# The next step...



## Praise the Dawning (Nov 10, 2014)

Hello guys,

I have finally gotten an account! A year of depersonalisation, I feel that I owe it to myself and others to share my experience and my recovery journey. I feel that this is my next step.

Here is my story.

I have always been a fairly happy person. I have always been creative and "spacey", and everybody describes me as having my "head in the clouds", despite the fact that I am an extrovert. I remember moments of spacing out slightly during my childhood, and only recently have I recognised these as the prelude to my experience with depersonalisation.

Last year, I was experiencing a really difficult time, with pressure at school and quite a few problems with a particularly difficult social group.
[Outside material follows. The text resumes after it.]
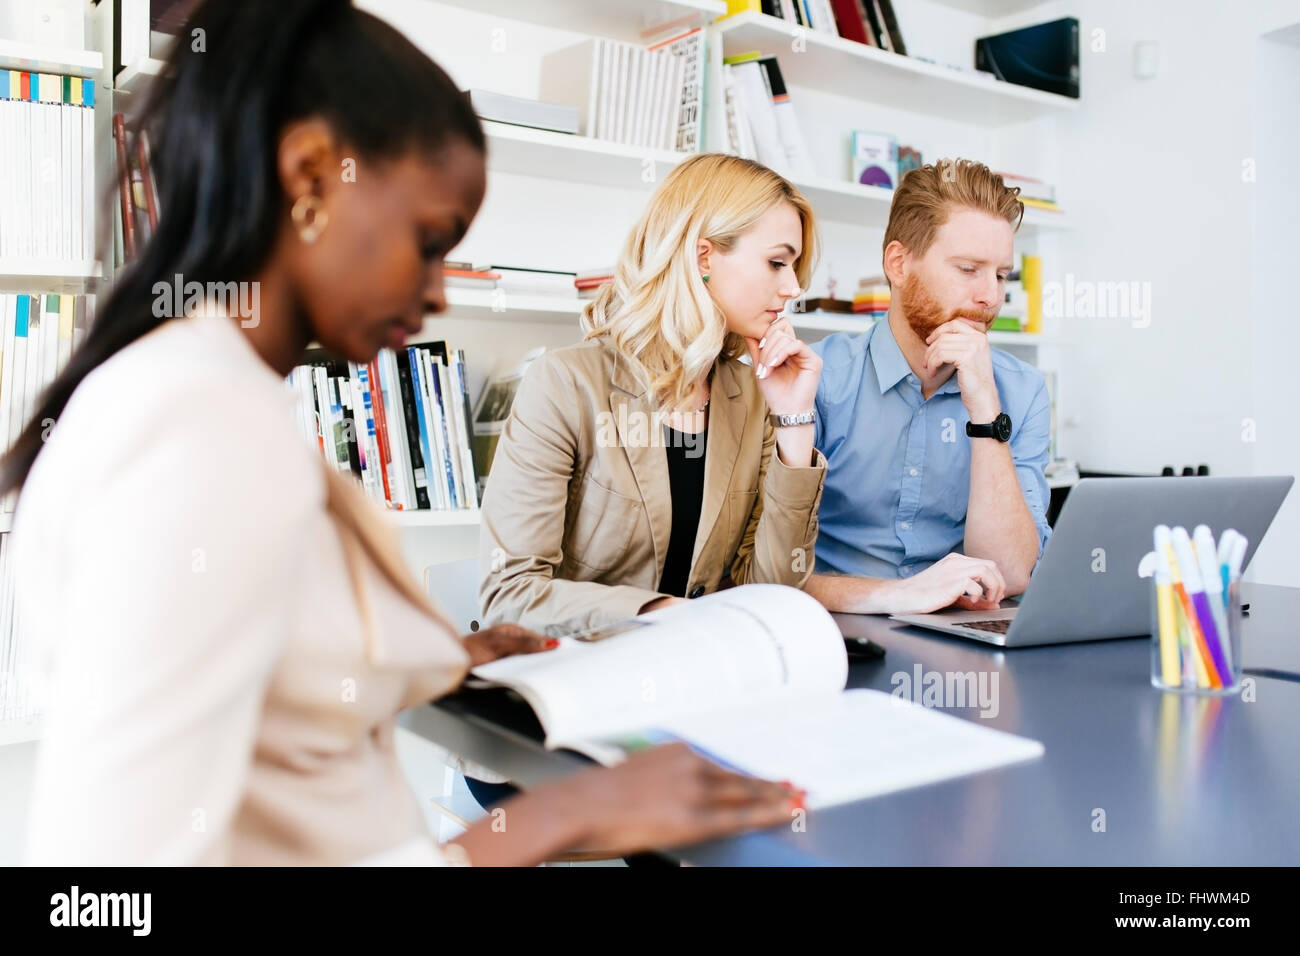 Multiethnische Menschen arbeiten in modernen, gut ausgestatteten Büro Stockbild

I also had a really sad experience with a girl, which I handled really badly at the time, and I blame my depersonalisation largely on my interpretation of this experience. After a holiday of rumination, I went to school and smoked weed right away. Not much mind you, just one large puff of very strong marijuana, but it was enough to make me pretty stoned for a good hour and a half. The experience was actually entirely pleasant, despite some slight anxiety and a fast heart rate.
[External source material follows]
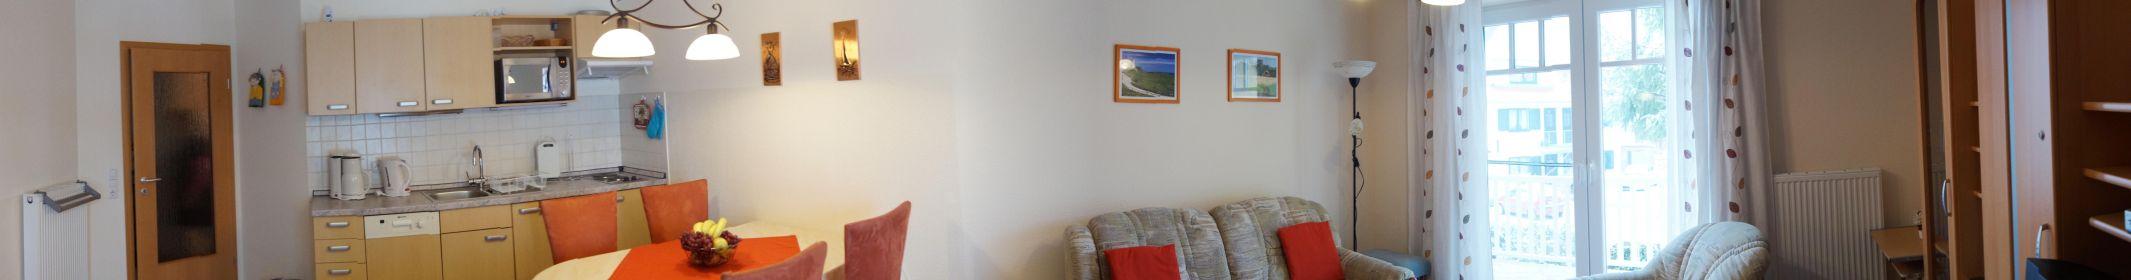 ferienwohnung-kastanie-57-panorama-1

24 hours later I completely spaced out, and I felt as though I was leaving my body. I decided that I was going mad, and got incredibly anxious. After that, I had several of these depersonalisation episodes, but I can't remember exactly how this escalated to full blown chronic depersonalisation and derealisation. I recognised it as clouding of the mind, and I decided to become very healthy in order to substitute for my compromised mental state. Unfortunately, for me, a healthy body can never surpass a positive attitude. I began to obsess over this state, which is understandable since I thought that I was experiencing the onset of schizophrenia. When this year began, I was gradually becoming more depersonalised, obsessing over internet forums frantically trying to decipher my symptoms. I began to grow extremely tired and lethargic, and a strange mixture of hyper-emotional and hypo-emotional. I also developed blurred vision, which has turned out to be a helpful tool in monitoring my recovery. I was convinced that since marijuana was involved in my onset, what I was experiencing was schizophrenia. I was obsessed with this idea. I believe that had I known about depersonalisation and the level of control that I can gain over it, I would not have reached the point of despair and depression that I hit.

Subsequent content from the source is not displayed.